Wherever a picture appears in the data below, omit it, and restate everything else word for word.

Data block:
· · · · ·
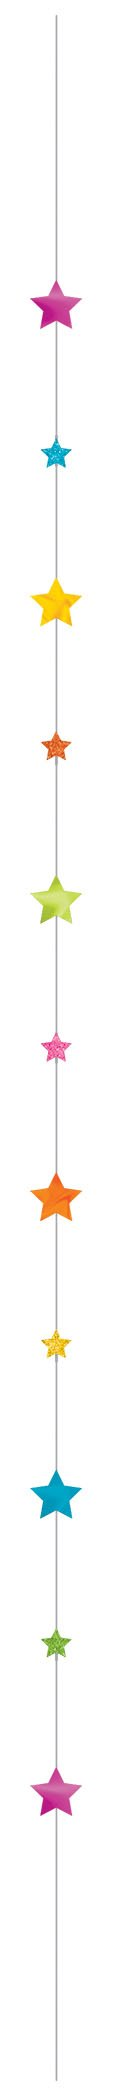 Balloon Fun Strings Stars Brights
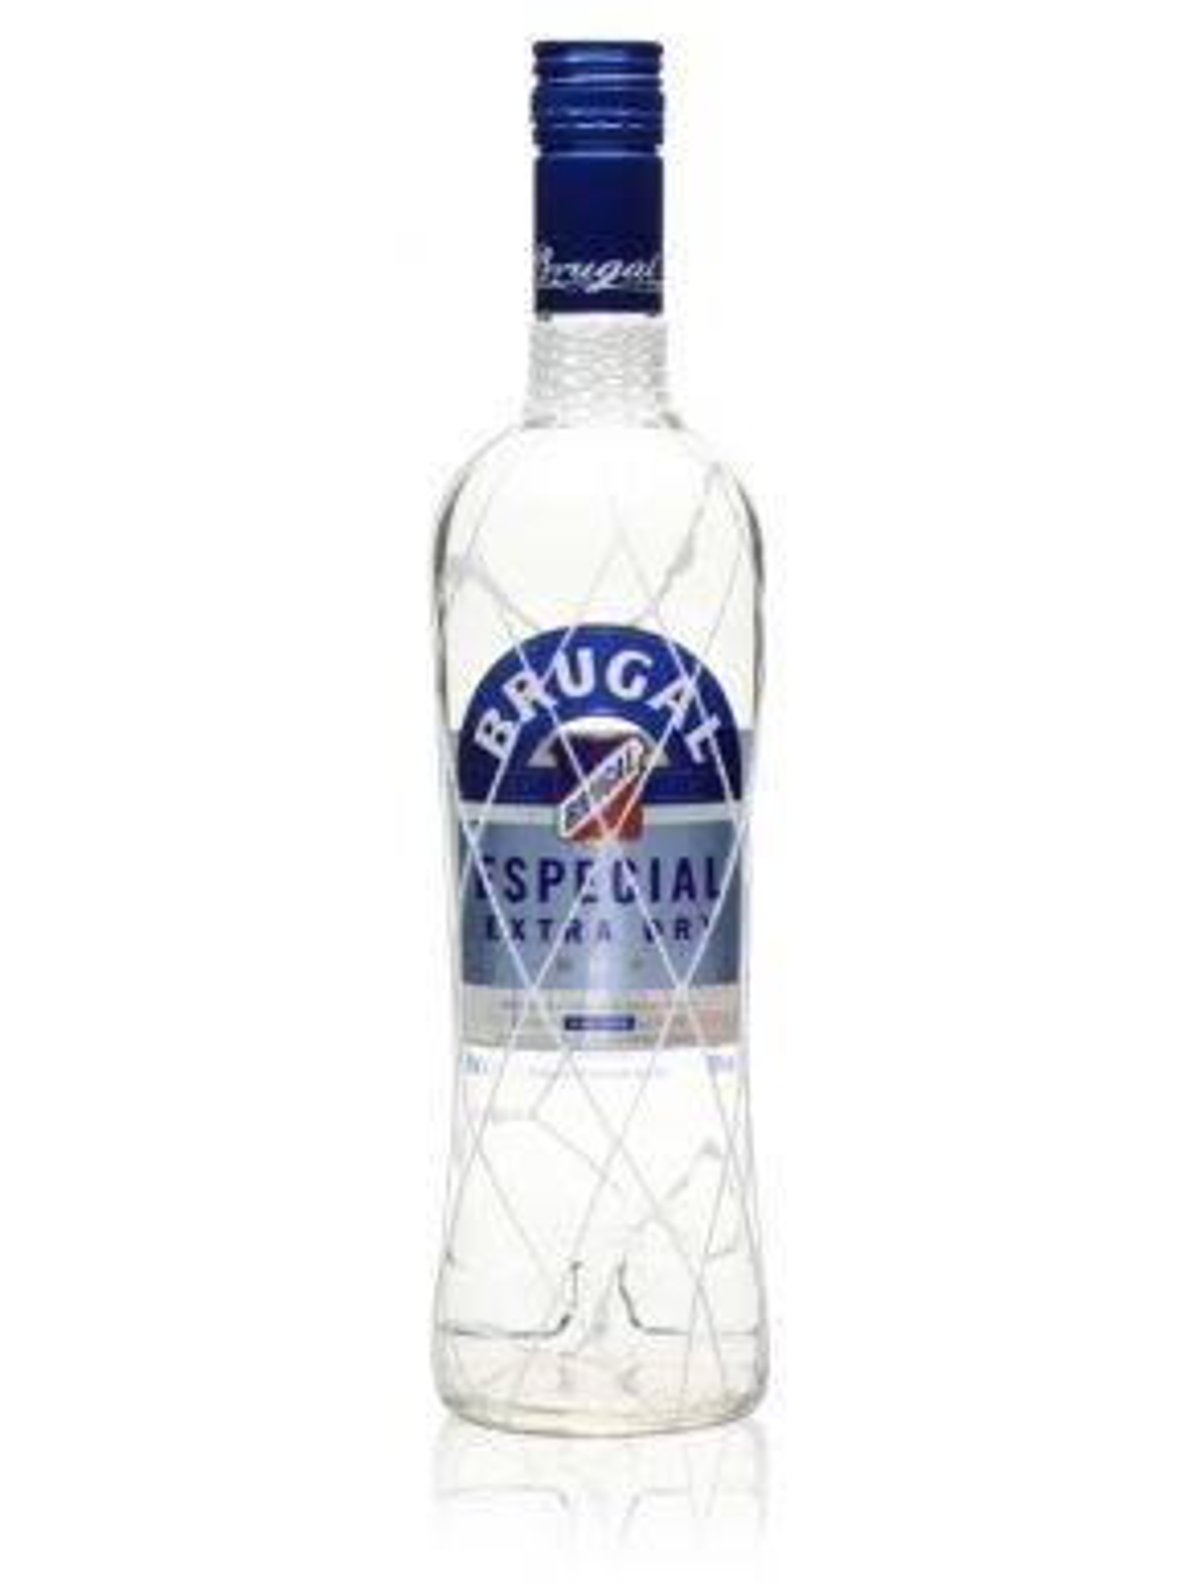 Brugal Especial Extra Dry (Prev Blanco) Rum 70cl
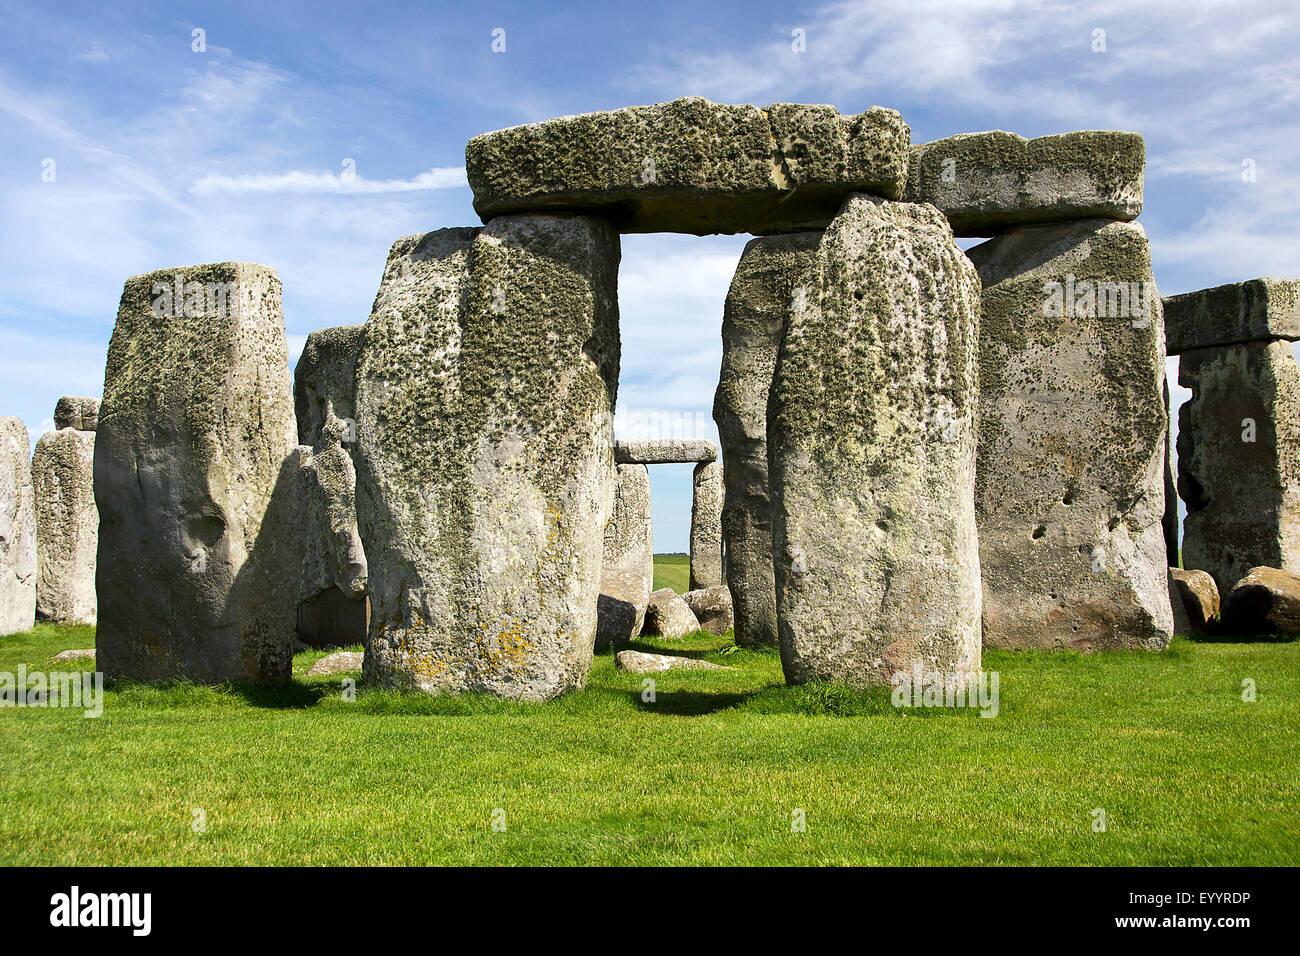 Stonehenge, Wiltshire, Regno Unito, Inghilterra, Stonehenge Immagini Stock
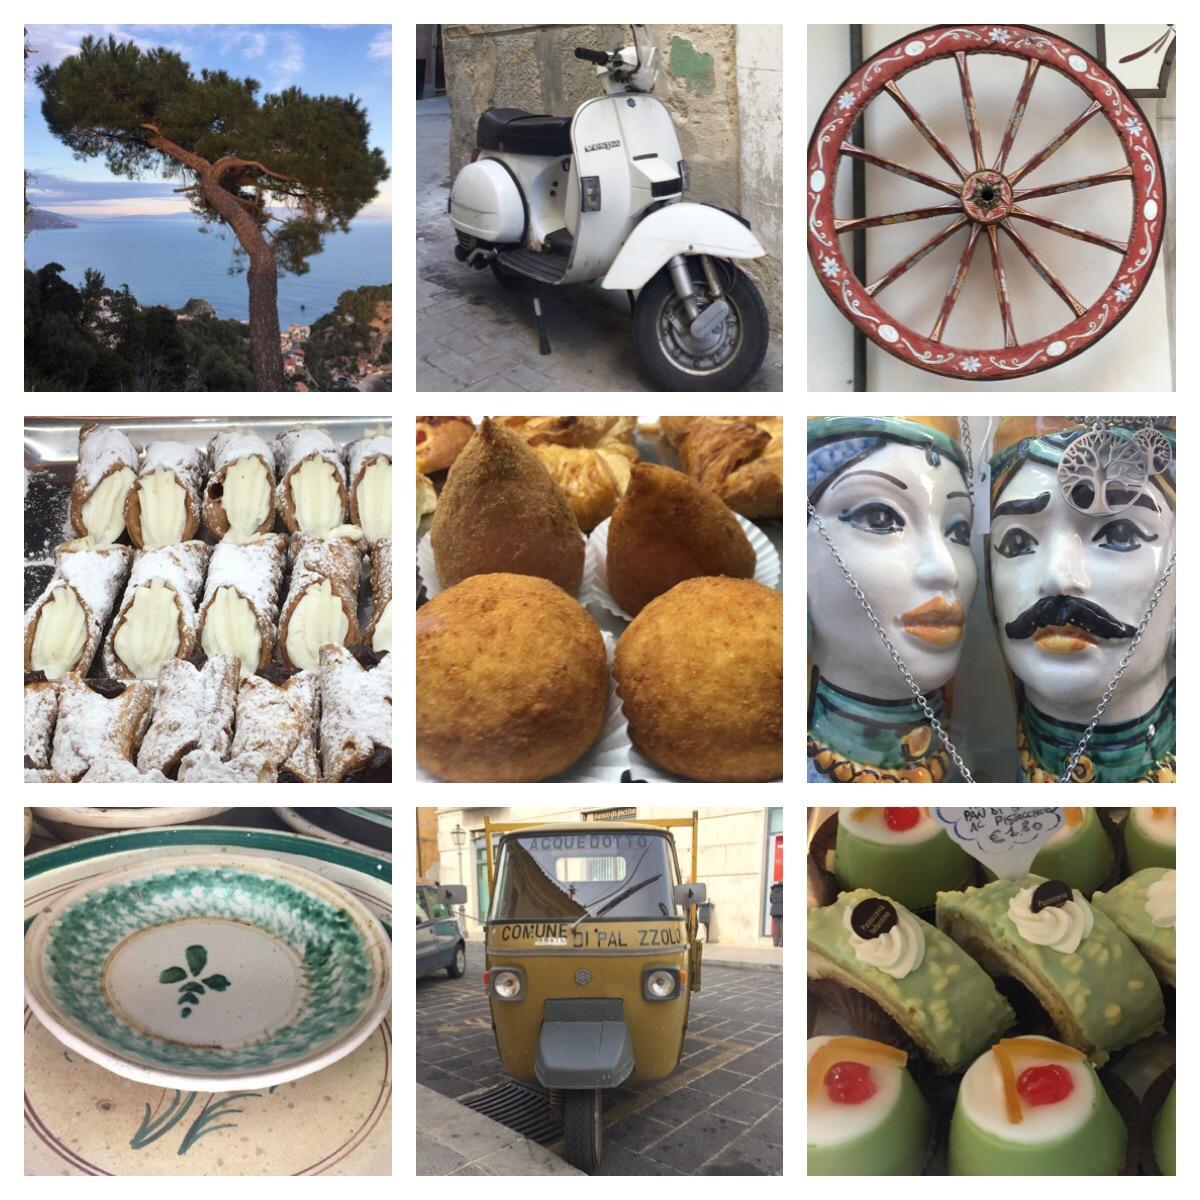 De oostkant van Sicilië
· · · · ·
Result:
 Balloon Fun Strings Stars Brights
 Brugal Especial Extra Dry (Prev Blanco) Rum 70cl
 Stonehenge, Wiltshire, Regno Unito, Inghilterra, Stonehenge Immagini Stock
 De oostkant van Sicilië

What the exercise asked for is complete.